The Department of Public Expenditure and Reform announced this week that there will be no changes to the Lobbying Act 2015. This is despite detailed responses to the Public Consultation on the Second Review of the Regulation of Lobbying Act 2015 by the PRII, the PRCA, the Standards In Public Office Commission (SIPOC) and 24 other individuals and organisations in May 2019. Members of PRII and PRCA will remember being asked to contribute their views to the respective submissions.
The Second Statutory Review of the Regulation of Lobbying Act 2015 was published on Tuesday 25 February and can be viewed and downloaded from the Gov.ie website here.
The Lobbying Act 2015 was Introduced in response to demands for greater transparency in the policy-making process and requires anyone engaged in lobbying to register at Lobbying.ie and submit lobbying activity returns three times per year.
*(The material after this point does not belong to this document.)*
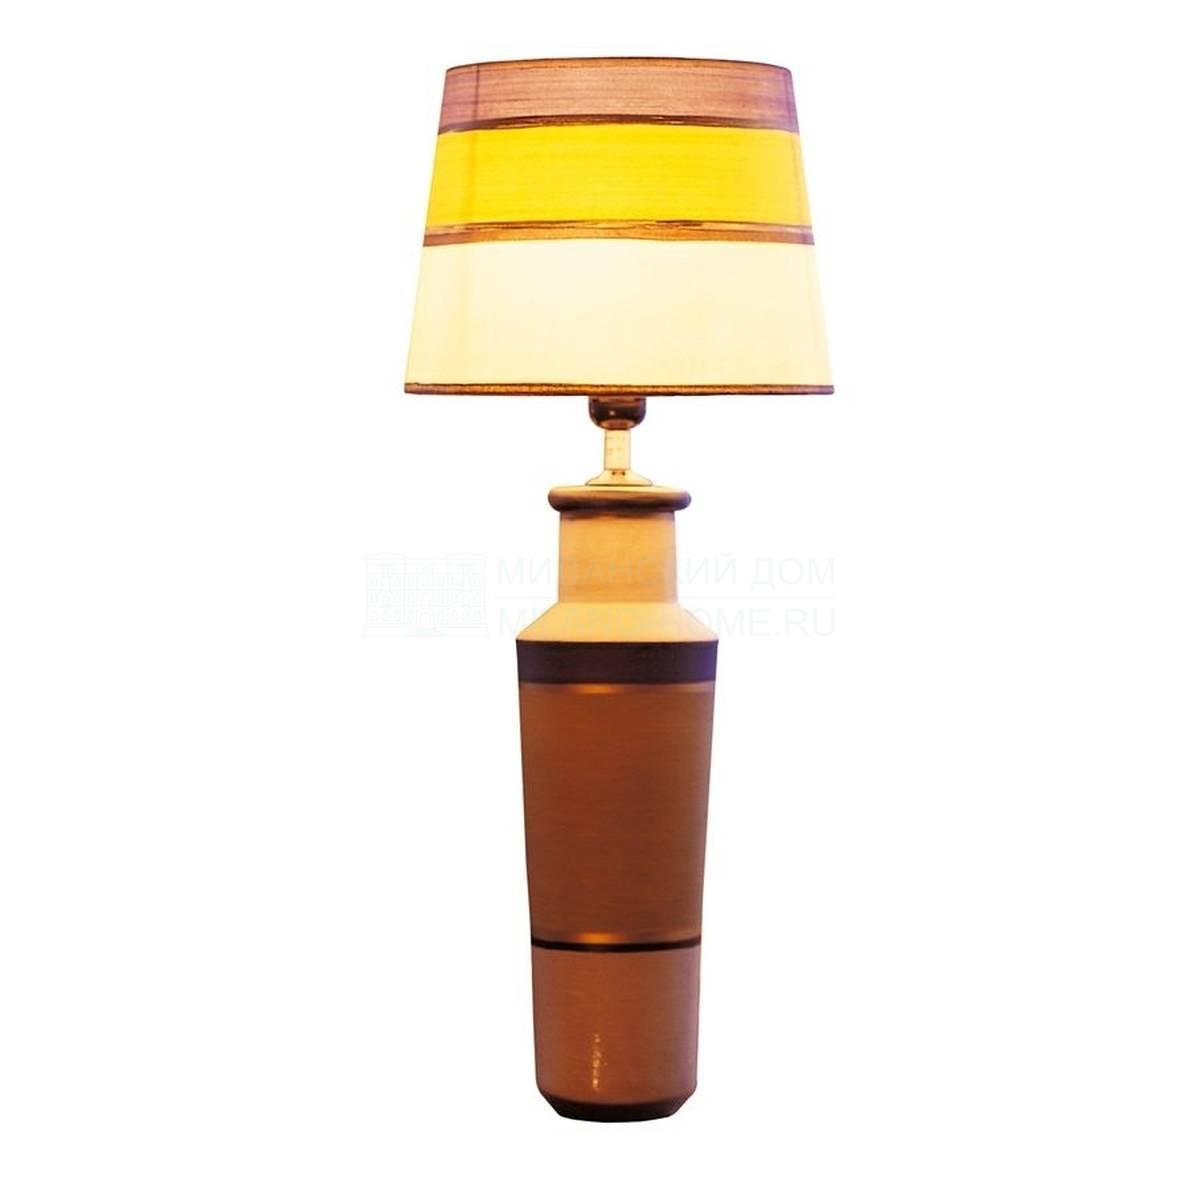 Настольная лампа 757 table lamp из Испании фабрики GUADARTE

The Act also established a year-long post-employment ‘cooling off’ period for certain public officials during which time they are not permitted to engage in specific lobbying activities.
The first review of the Act was carried out in the summer of 2016 and the resulting report, published in April 2017, also recommended no changes at that time.
The introduction to the second review states that the Department believes legislation should only be amended when there is a convincing case for change. It goes on to say that issues not already dealt with through the consultation process could be managed and resolved on an administrative basis by SIPOC and that the current regime effectively ensures transparency.
The PRII, following consultation with members, submitted a total of 15 proposed amendments to the Act. Amongst the recommendations were the basing of exemption criteria on turnover rather than number of employees, the inclusion of the activity of non-remunerated directors, the removal of registration exemptions for organisations without a full-time employee and the extension of the legislation to cover lobbying of DPOs (Designated Public Officials) that takes place outside of the State. The PRII also advocated the inclusion on each public body’s website of up to- date lists of DPOs, more frequent communication of outcomes of applications for consent to negate the ‘cooling off’ period and the publication of those in breach of the regulations. The full PRII submission is available in the Member’s area of the PRII website here.
SIPOC, who made a total of 22 separate recommendations around the Act’s definitions, operations, post-employment obligations, enforcement and other issues, have expressed their disappointment that none have been adopted, and have highlighted that they are not in a position, for example, to introduce enforcement powers for breaches of the post-employment rules.
Dr Martina Byrne, CEO PRII said “The PRII have always supported lobbying regulation. We had our own Code of Practice for Public Affairs and Lobbying in place as far back as 2003 - at the time, the only such code in Ireland and one of the few internationally. We echo SIPOC’s disappointment, it’s a missed opportunity to make the Act more robust and broaden its scope. There won’t be another opportunity to review the Act until 2022”.